We also draw the comparison between the sampling frequency of each training image and its loss values of different training epochs on CIFAR100. As shown in Fig. 4, across different learning stages the correlation between loss values and sampling frequencies of training data is not strong. The high chance of being sampled by AutoSampling does not necessarily lead to high loss values, which demonstrates that AutoSampling is not merely oversampling difficult samples as pointed by the loss and therefore has more potential beyond simple visually hard example mining. The resulting sampling schedule learned by AutoSampling might be significantly different from the one guided by loss.
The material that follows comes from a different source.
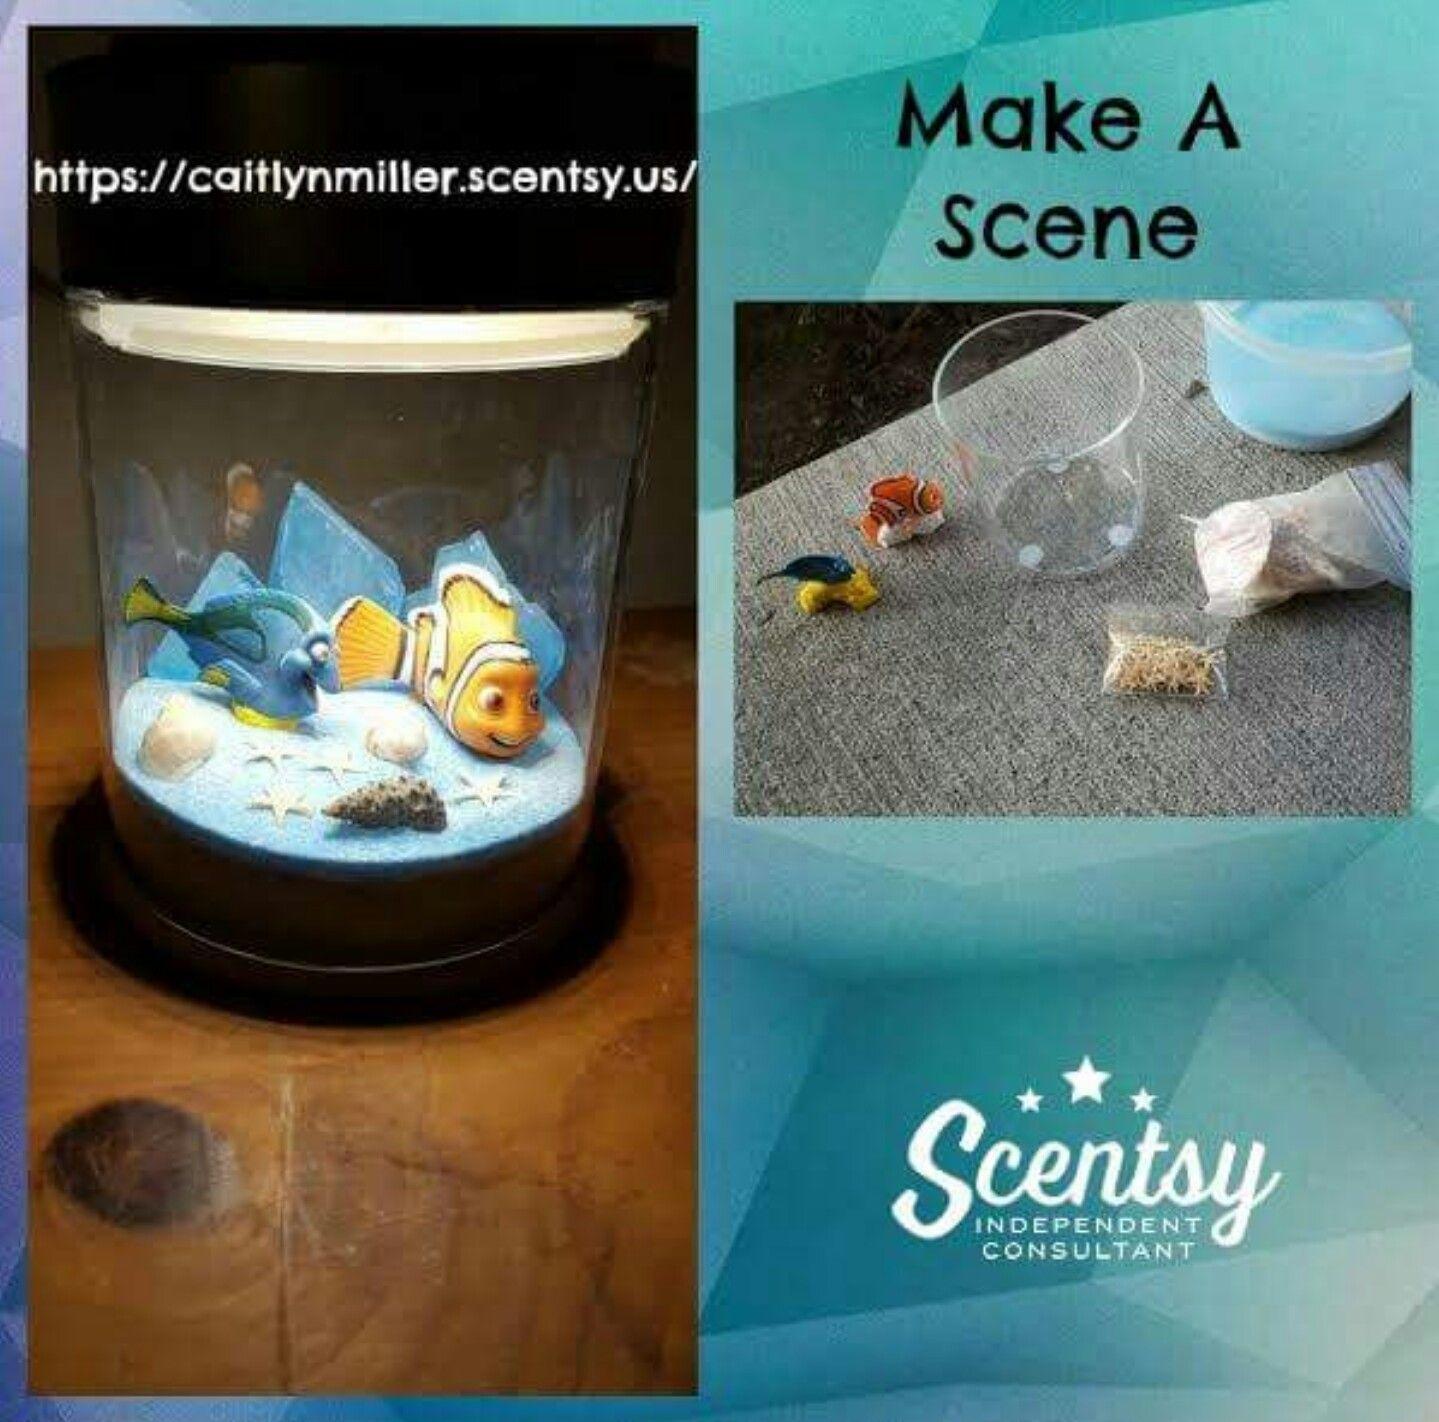 Make A Scene Scentsy 2016 Pinterest Scentsy Scene And Decorating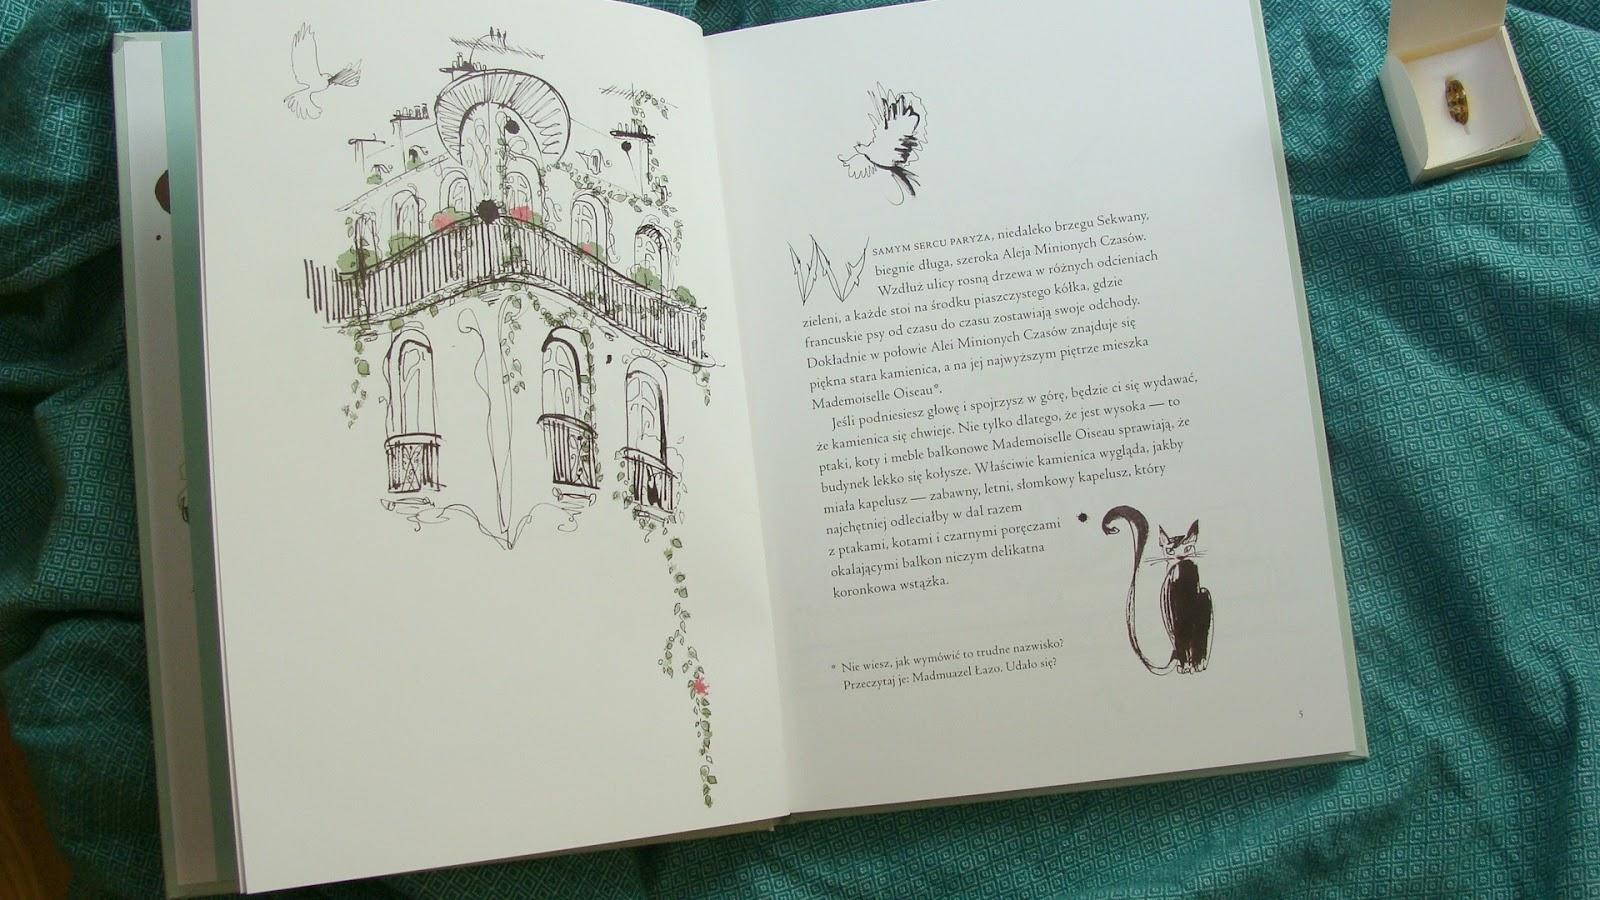 Historia Mademoiselle Oiseau, Kolor do Przytulania

In addition, we notice the images of low probability also contain low quality images. For instance, in Fig.3 the leftmost image of Camal class contains only legs. This shows that AutoSampling may potentially rule out problematic training data for better training.
Furthermore, we examine the transfer ability of sampling distributions learned by AutoSampling to other network structures. Specifically, we run training on ResNet50 (He et al., 2015) using static sampling schedule generated by three distributions learned by AutoSampling on 3 different models. As shown in Table 5, using sampling schedules learned by AutoSampling from other models, we demonstrate similar improvements over the uniform baseline. This result showing generalization across model structures, combined with the above observations on images of different sampling probability, indicates that there may exist a common optimal sampling schedule determined by the intrinsic property of the data rather than the model being optimized. Our AutoSampling is an effort to gradually converge to such an optimal schedule.
5.5 Discussions
The experimental results and observations from Section 5.3 and 5.4 shed light on the possible existence of an optimal sampling schedule, which relies only on the intrinsic property of the data and the learning stage of the model, regardless of the specific model structure or any human prior knowledge. The AutoSampling method is able to provide relatively enough rewards in the searching process compared to other related works, leading to sufficient convergence towards the desired sampling schedule. Once obtained, the desired sampling schedule may also be generalized over other model structures for robust training, as shown in Table 5. Although AutoSampling requires relatively large amount of computing resources to find a robust sampler, we want to point out that the efficiency of our method can be improved through better training techniques. Moreover, the possibility of an optimal sampling schedule relying solely on the data themselves may indicate more efficient sampling policy search algorithms, if one can quickly and effectively determine data value based on its property.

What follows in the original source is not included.